Журнал "Советская музыка" 1966 № 6

Компенсирует ли нам грампластинка «живое исполнение», в состоянии ли она вообще это сделать? – вот один из важнейших вопросов разгоревшейся дискуссии.

О проблемах грамзаписи, о специфике этого рожденного нашим веком «посредника между исполнителями и слушателями наш корреспондент М.Сергеев беседовал с главным звукорежиссером Всесоюзной студии грамзаписи И. Вепринцевым и дирижером Г. Рождественским.

И. Вепринцев: Я убежден, что далеко еще не все – даже в среде музыкантов – представляют себе, что такое специальность звукорежиссера. Впрочем, откровенно говоря, и нам, звукорежиссерам, нелегко ответить на этот вопрос. В сущности, у нас данная профессия по-прежнему не «узаконена». Во всяком случае, по сей день в наших дипломах высших учебных заведений против графы «присвоенная квалификация» никогда еще не было написано «звукорежиссер». По-моему, этот пробел нужно признать, я бы сказал, вопиющим.
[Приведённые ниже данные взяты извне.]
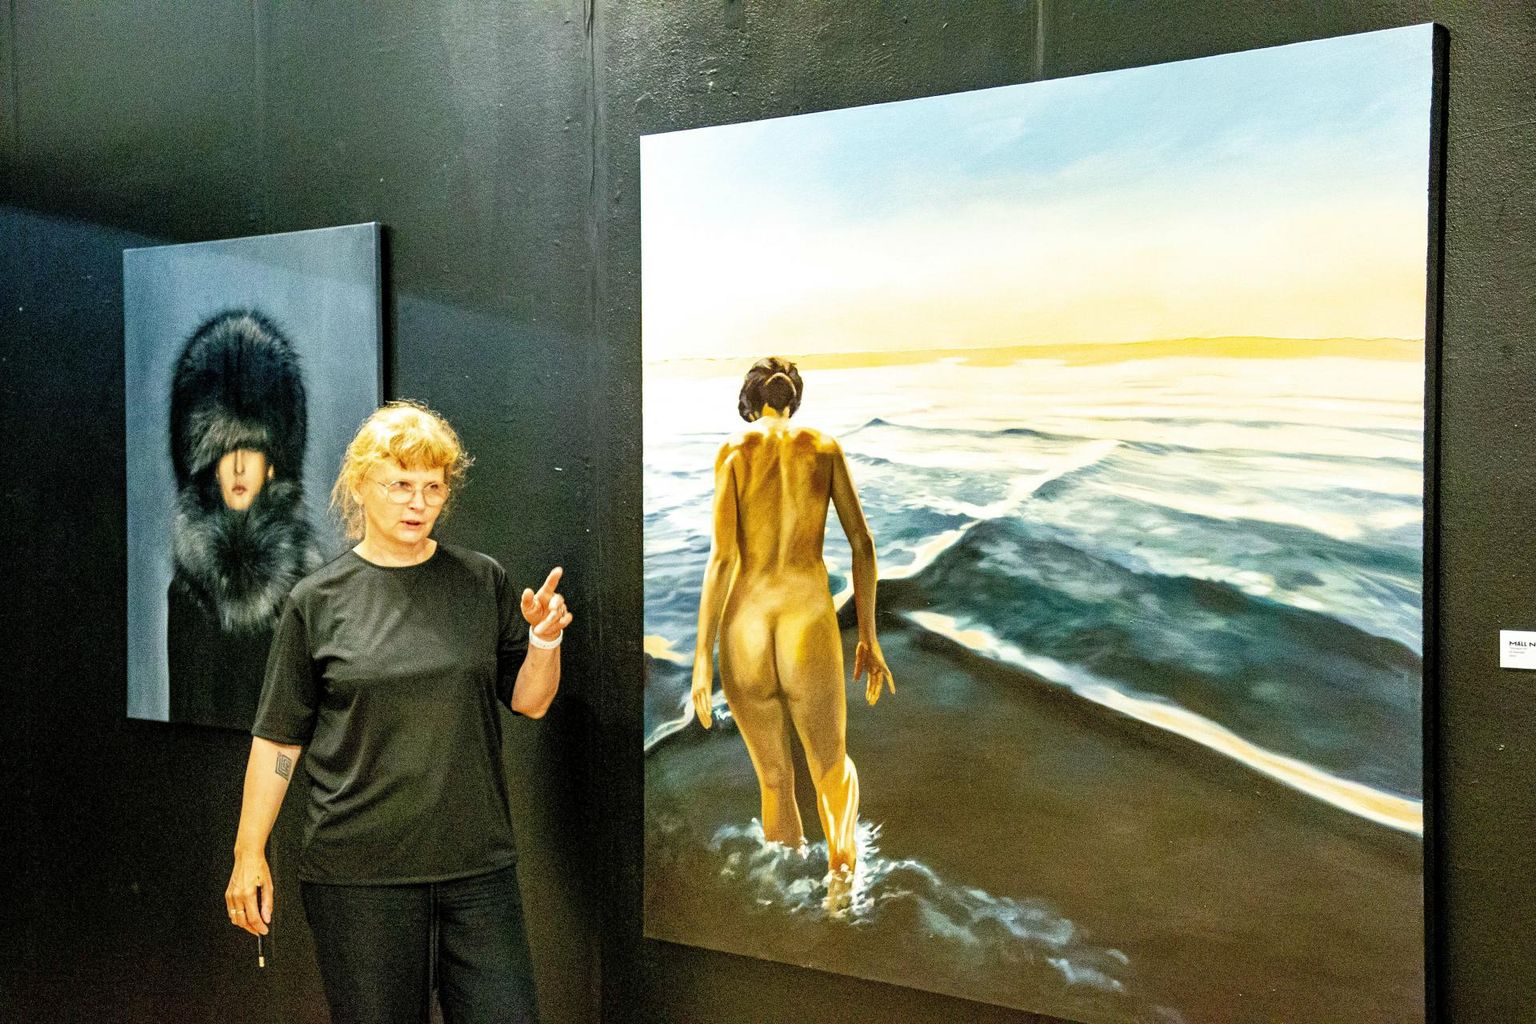 Näituse «7 kunstnikku. Keha» üks kuraatoreid on Mall Nukke, kelle vasakul küljel on tema enda maal «Silmapiir III» ja selja taga Mauri Grossi «Metsik».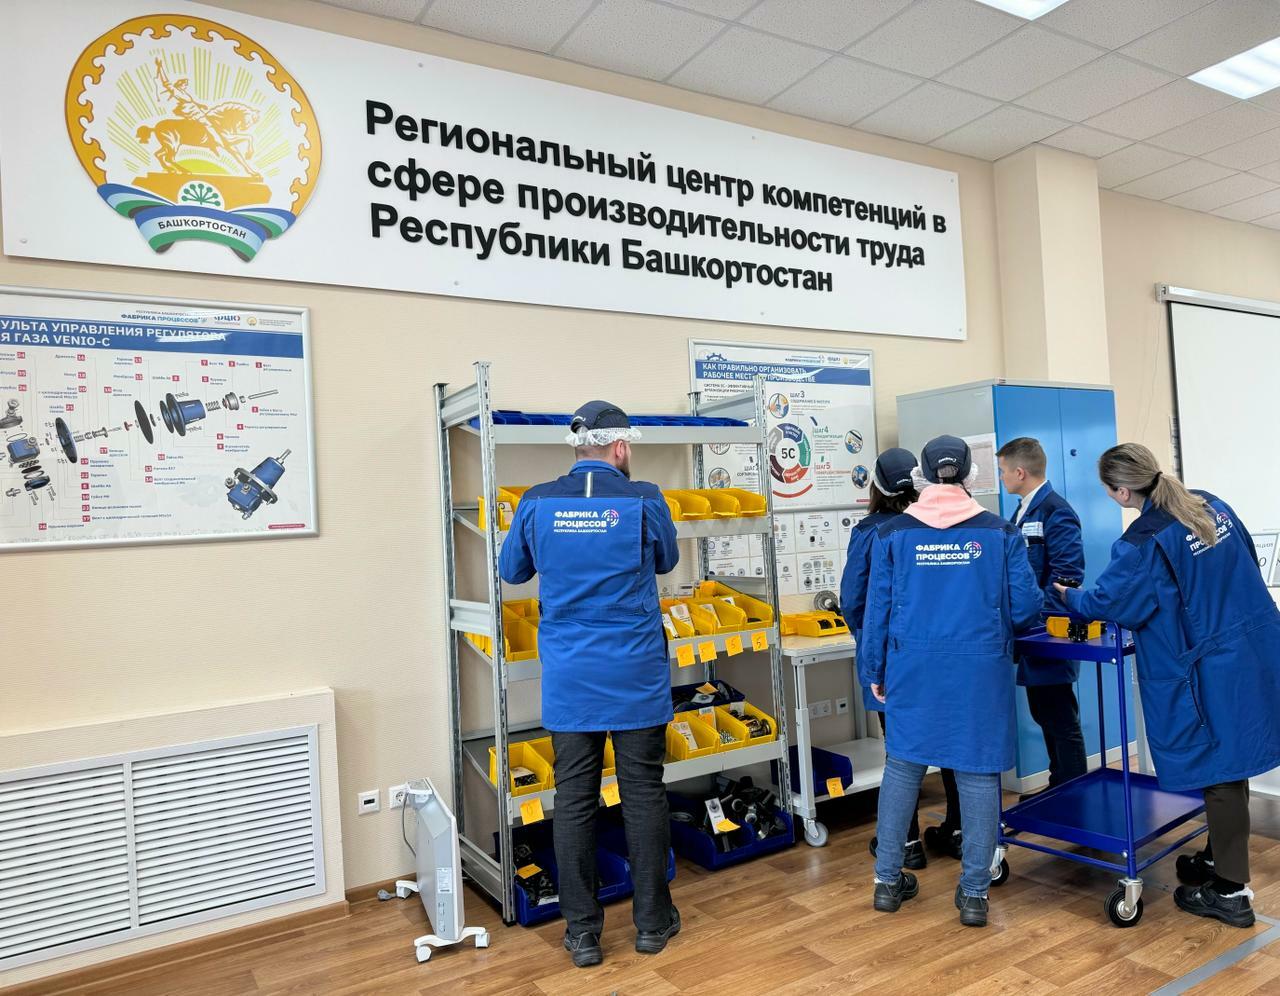 В Башкортостане на базе Регионального центра компетенций появится «Фабрика логистических процессов»

В некоторых зарубежных консерваториях открыты звукорежиссерские отделения и даже факультеты. Их учебные планы предусматривают не только теорию музыки и гармонию, контрапункт и инструментовку, чтение партитур, дирижирование и элементарное владение несколькими инструментами, но и радиотехнику, архитектурную и физиологическую акустику, высшую математику, а также историю культуры, эстетику записи, анализ стилей и музыкальный монтаж. Для обмена опытом в этой новой и сложной области в ряде стран собираются международные симпозиумы и съезды. Например, в Лос-Анджелесе (США) дважды в год работает сессия Международного общества звукорежиссеров и звукоинженеров. Раз в три года проводятся съезды в Детмольдской консерватории (ФРГ). Кстати, одной из основных тем Пятого съезда явилась проблема «Звукорежисеер как деятель музыкального искусства ХХ века».

Наши же звукорежиссеры – это, в основном, увлеченные музыканты, технический багаж которых, как правило, абсолютно случаен по форме и путям его приобретения. Только Д. Гаклин имеет диплом инженера. Трех-шестимесячных курсов, организуемых время от времени Всесоюзным радио и телевидением, разумеется, недостаточно. Кроме того, нельзя не учитывать, что эта профессия требует отбора людей с совершенно определенным, специфическим комплектом способностей.

Есть у нас Ленинградский институт киноинженеров, который готовит звукооператоров для киностудий. Но, к сожалению, объем их музыкальной подготовки не позволяет работать по-настоящему плодотворно. Впрочем, запись музыки в кино – это проблема, настоятельно требующая отдельного обсуждения.

Мы располагаем прекрасной звукозаписывающей аппаратурой. Однако систематического изучения опыта стран, работающих на новой, созданной там технике, у нас пока не ведется, хотя связи «Мелодии» с ее зарубежными коллегами весьма обширны. Всесоюзная студия грамзаписи даже не получает специальных грампластиночных журналов, выходящих за рубежом и сообщающих о последних изобретениях в этой области. Между прочим, в этих же журналах печатаются восторженные рецензии по поводу советских грамзаписей, сообщения о международных премиях, которые им присуждаются.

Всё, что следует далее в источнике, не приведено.